Grades don’t tell the full story, though. Reporters can also look for student engagement data, like attendance and truancy rates, to gauge how pandemic learning went for students. And there is plenty to dig into as far as mental health goes. I would encourage reporters to break down that data by economic status, age, race and gender, if possible.

It may be difficult to tell how fast students will catch up this spring. But perhaps it’d be worth requesting that same data at the end of this spring semester to see if things improved or worsened as the academic year progressed.

Online learning has been disproportionately challenging for students of color. How can local journalists report on this issue without reducing students of color to numbers on a page?

Spend time with historically underrepresented communities and tell their stories. Although it feels like the news just doesn’t stop this school year and we’re all busy, it’s important to take the time to talk to families and students about their experiences. If we’re documenting the first rough draft of history right now, those real-life stories are what will really stand out in the years and decades to come — not the numbers.
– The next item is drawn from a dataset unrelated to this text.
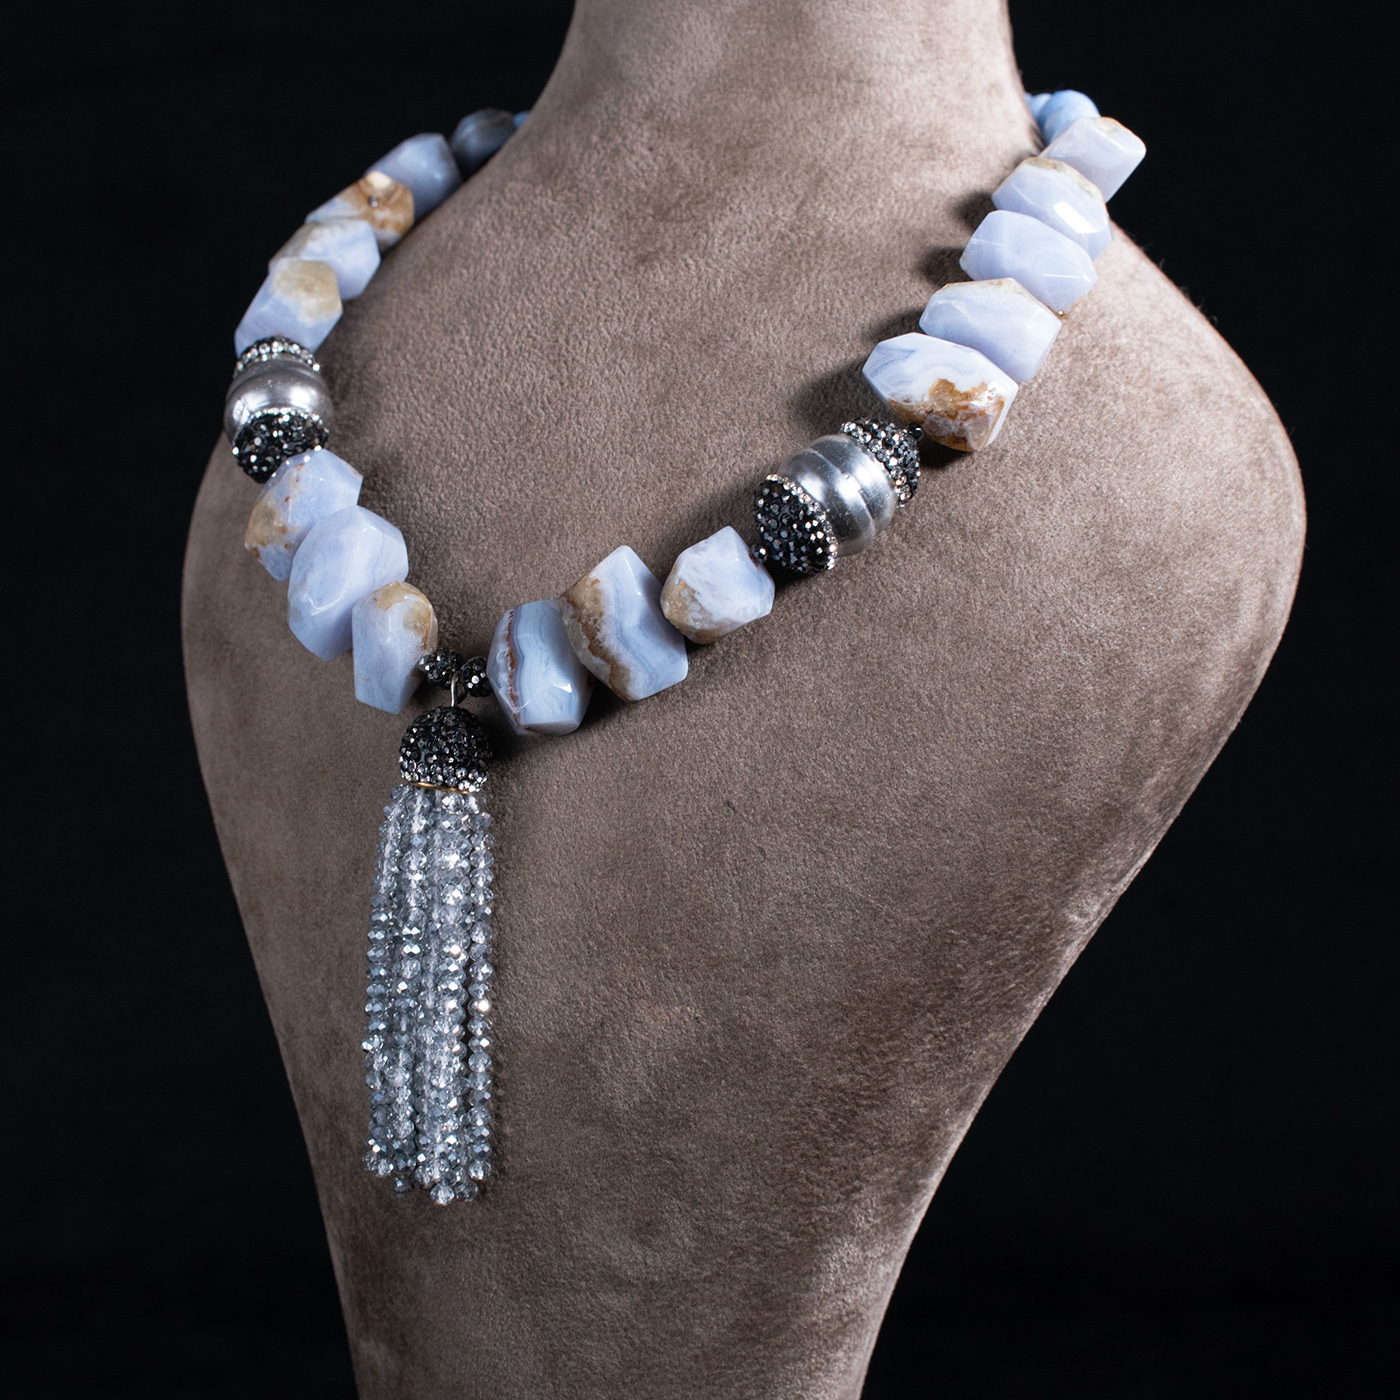 chile collares Fashion  FotografiaModa moda Necklace piedras preciosas Precious stones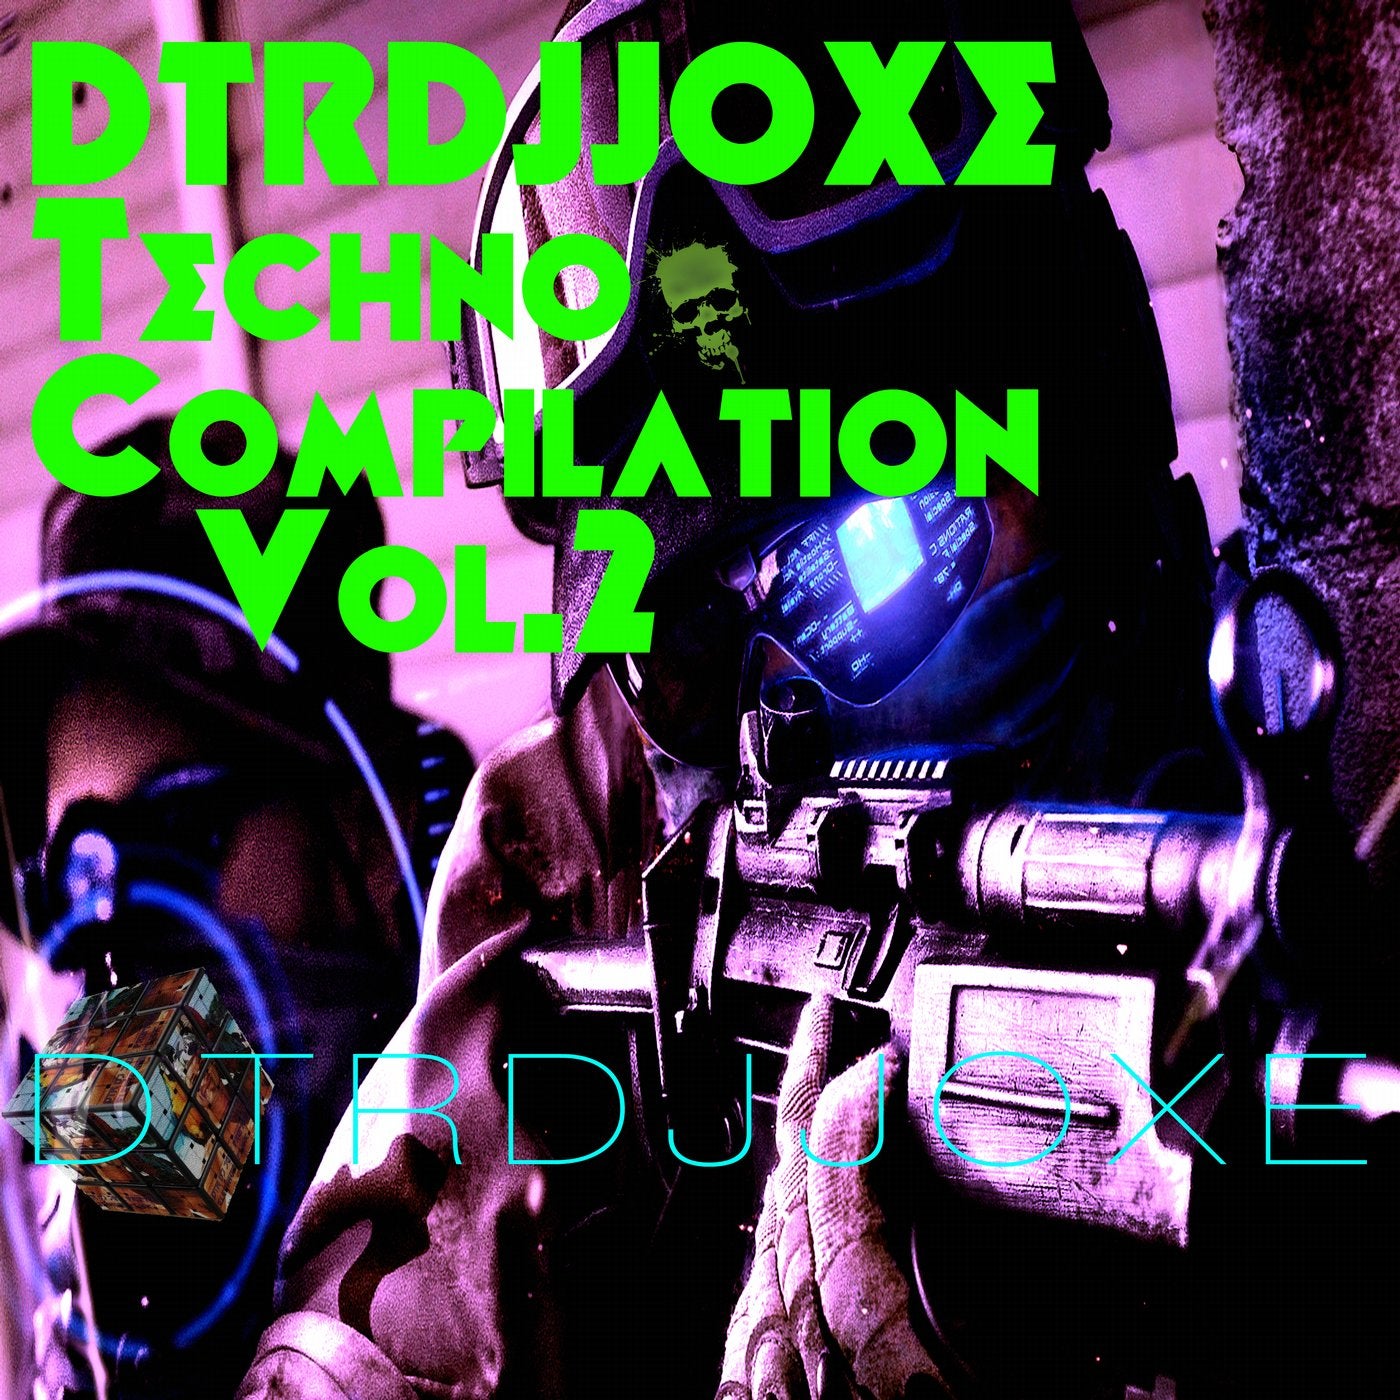 Dtrdjjoxe Techno Compilation, Vol. 2

The pandemic reaffirmed something many Americans already knew: Schools are gross. What advice do you have for journalists who want to report on the future health and safety protocols of their local schools in a post-pandemic world?

For the remainder of the school year and next year, I think it will be important for reporters to keep an eye on which pandemic precautions schools hang on to, and for how long. With the mask mandate repealed [in Wisconsin], has your district stopped requiring staff and students wear them? Now that the Centers for Disease Control and Prevention has walked back its six-foot social distancing guidance to just three feet, have schools shifted? Are school staff disinfecting surfaces as often as they were earlier in the pandemic? Look back on your earlier stories about what new policies your area districts added when reopening, and compare it to what you see now and next fall.

What can you do to communicate to your readers how you cover education news, so their questions about your reporting can be answered before they’re finished reading your stories?

I think this is something all of us reporters – myself included – need to work on, and I think at the end of the day it goes back to news literacy. We need to be better at explaining to the public what our job is, how we do it and the ethical standards we must uphold. As part of that effort at USA TODAY NETWORK-Wisconsin, we’ve started adding inserts or end notes about why and how we reported certain stories. We’ve talked about hosting more interactive Q&A sessions with reporters on social media, so the public can ask whatever questions they have for us. I think we should absolutely do more of that.